Defragmenting Language Models: An Interpretability-based Approach for Vocabulary Expansion

arXiv cs.CL / 4/21/2026

📰 NewsModels & Research

Key Points

  • The paper studies “token over-fragmentation” in modern open-weight LLMs, where languages with non-Latin scripts require multiple times more tokens than English to represent the same information.
  • It proposes an interpretability-based vocabulary expansion approach that revisits two key choices: which vocabulary items to add and how to initialize their input/output embeddings.
  • The authors argue against relying solely on frequency-based candidate selection and show interpretability-based methods achieve better performance-to-token-efficiency trade-offs.
  • They report that interpretability-grounded embedding initialization can yield large gains (around 20 points) over baseline initialization methods for several non-Latin-script languages.
  • Based on analysis of “subword detokenization,” the paper introduces FragMend to push efficiency further, validating it with comparisons to strong baselines and extensive ablation-style analysis.

Abstract

All languages are equal; when it comes to tokenization, some are more equal than others. Tokens are the hidden currency that dictate the cost and latency of access to contemporary LLMs. However, many languages written in non-Latin scripts observe a poor exchange rate: LLMs take several multiples of tokens to encode the same information in many languages as they do for English. Our analysis reveals that this issue, known as 'token over-fragmentation', persists in modern open-weight LLMs. The standard remedy is vocabulary expansion that adds target language items missing from the model's vocabulary. In this work, we comprehensively study and advance interpretability-based vocabulary expansion, a new research direction. We focus on two core decisions in the vocabulary expansion process: What items should we add? and How should we initialize their corresponding input and output embeddings? First, we question the conventional use of frequency-based methods to choose candidate vocabulary items to add (a decision long treated as settled), and show that interpretability-based methods offer a superior performance-token efficiency trade-off. Next, we strengthen the case for interpretability-based embedding initialization by showing large gains (~20 pts) over baseline initialization methods for several languages written in non-Latin scripts.

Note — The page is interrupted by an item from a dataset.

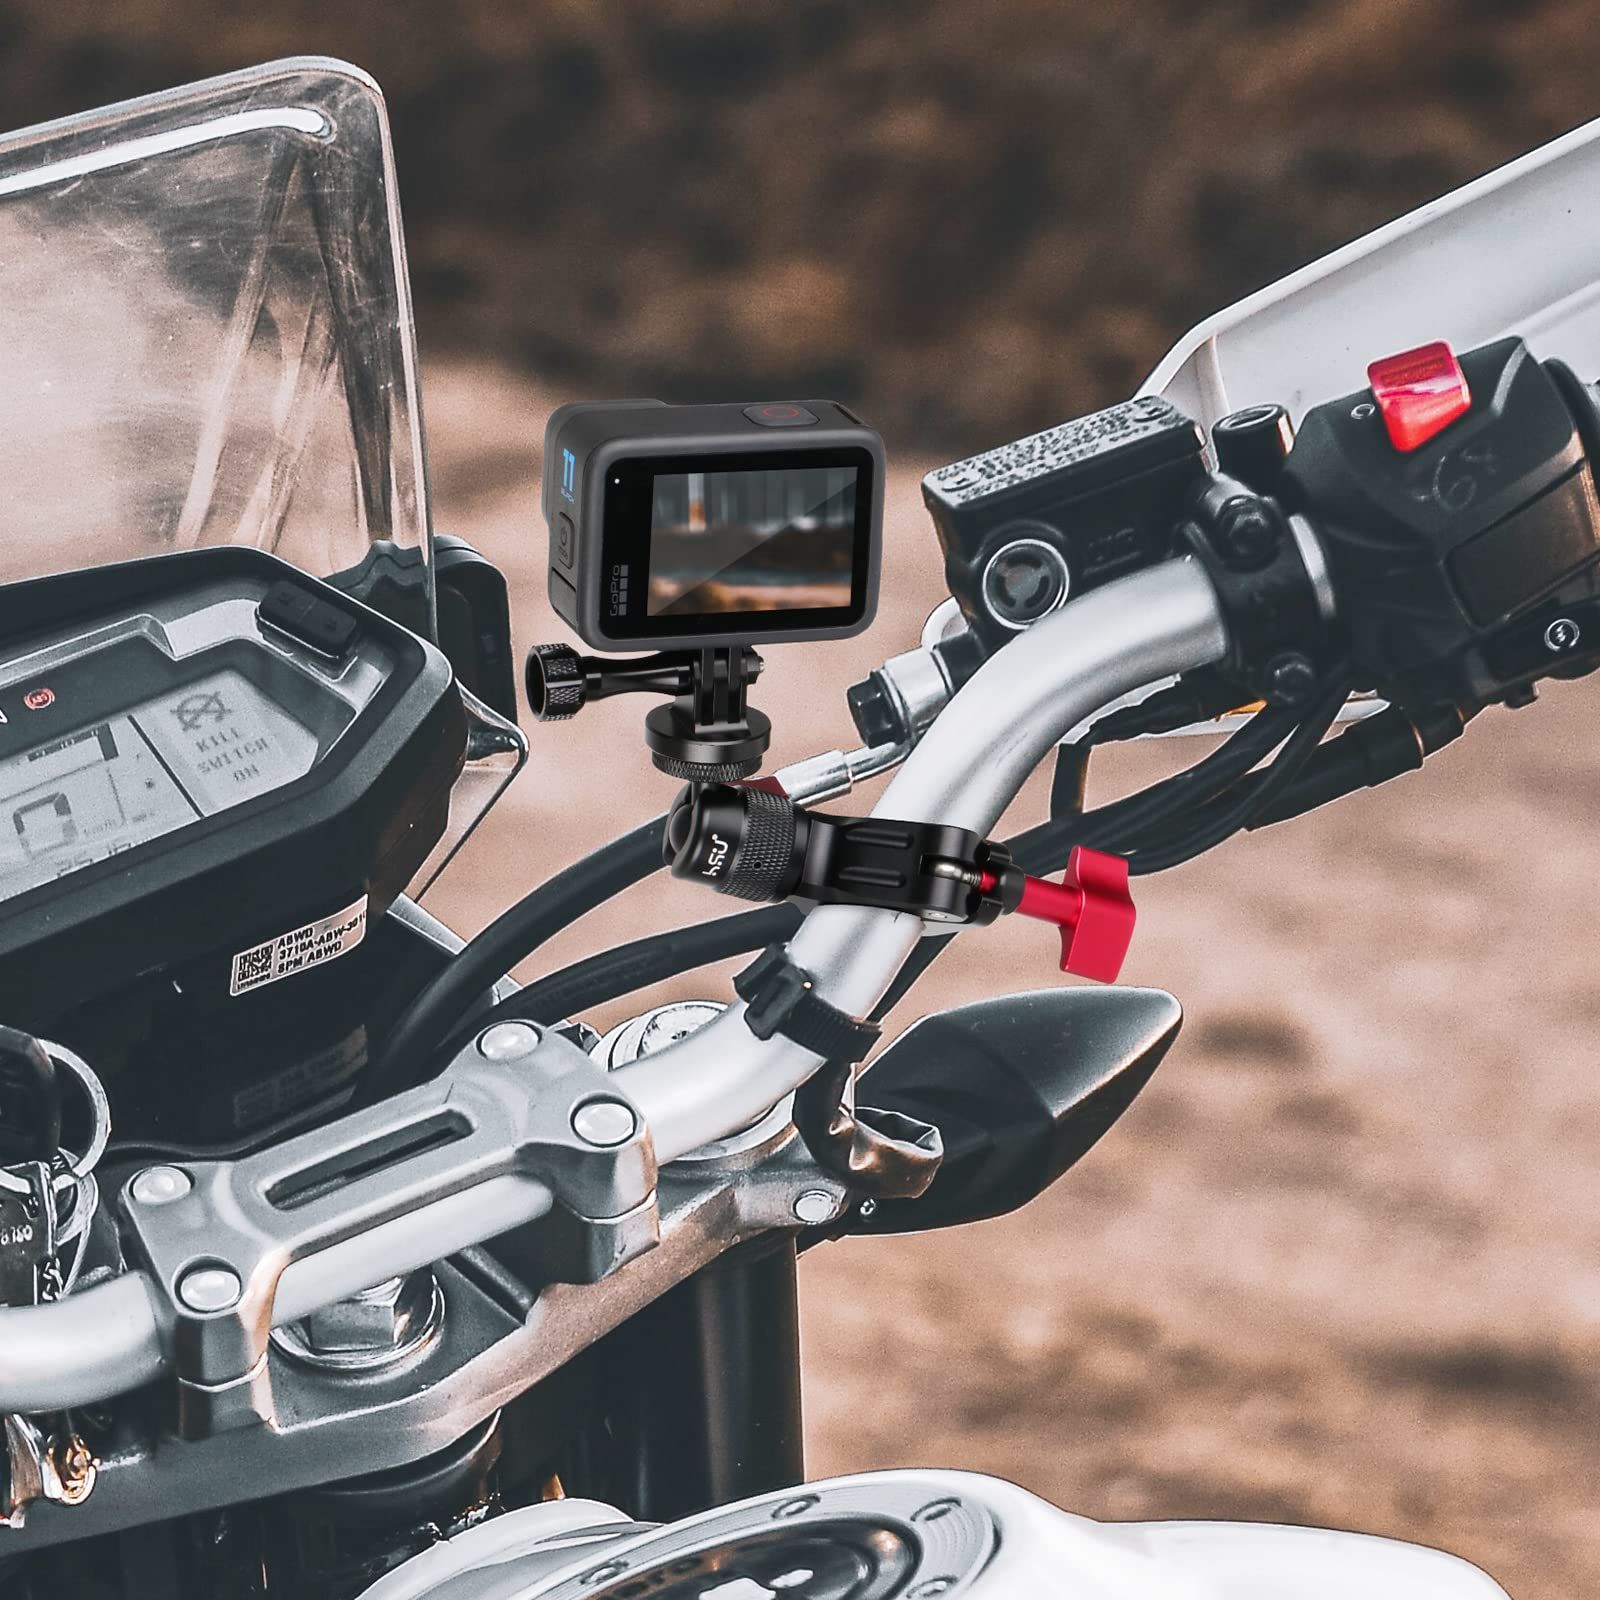 国内即発送 HSU バイク・自転車 ハンドルマウント アルミ製カメラホルダー 直径8mm-3 5546.48円 カメラ 
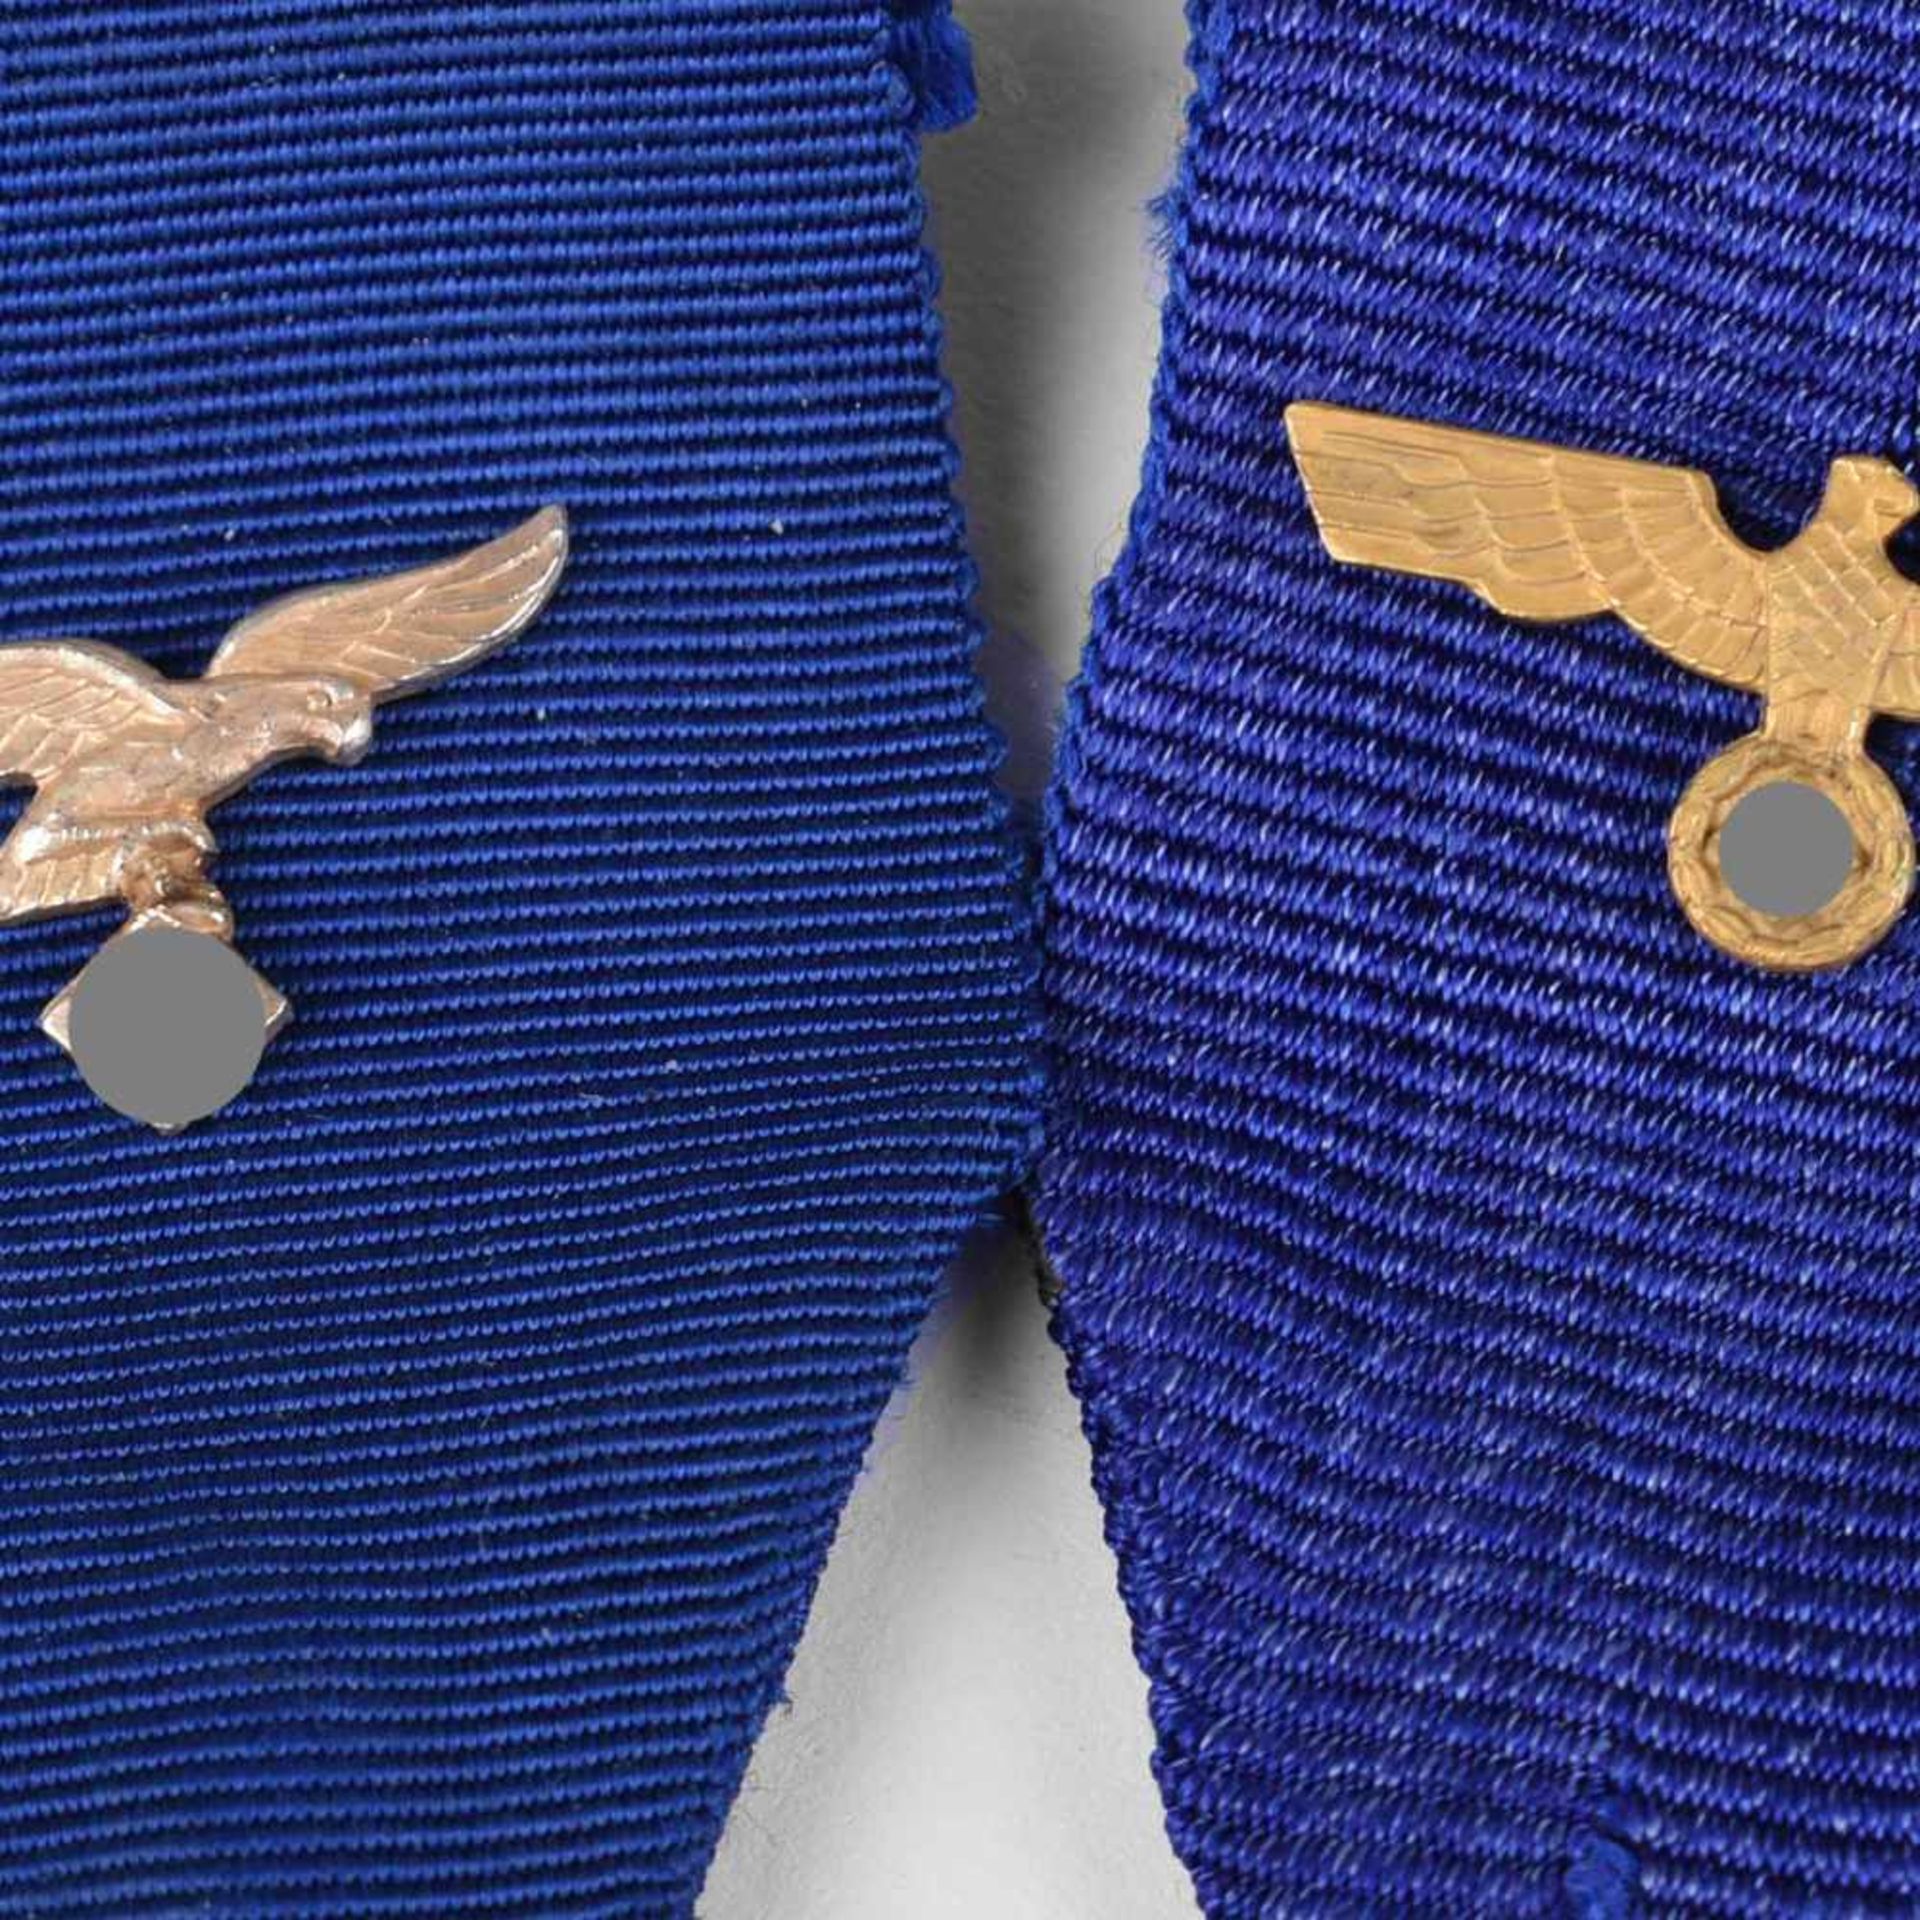 Auszeichnungen III. Reich insg. zwei Bänder für die Dienstauszeichnung, blaues Band mit

We identify the phenomenon of "subword detokenization" where models progressively merge fragmented subword tokens into larger subwords across layers. Grounded in our analysis of this phenomenon, we propose FragMend to further push the efficiency ceiling of interpretability-based expansion. We validate the effectiveness of FragMend through comparison against strong baselines and we present extensive analysis of its design choices.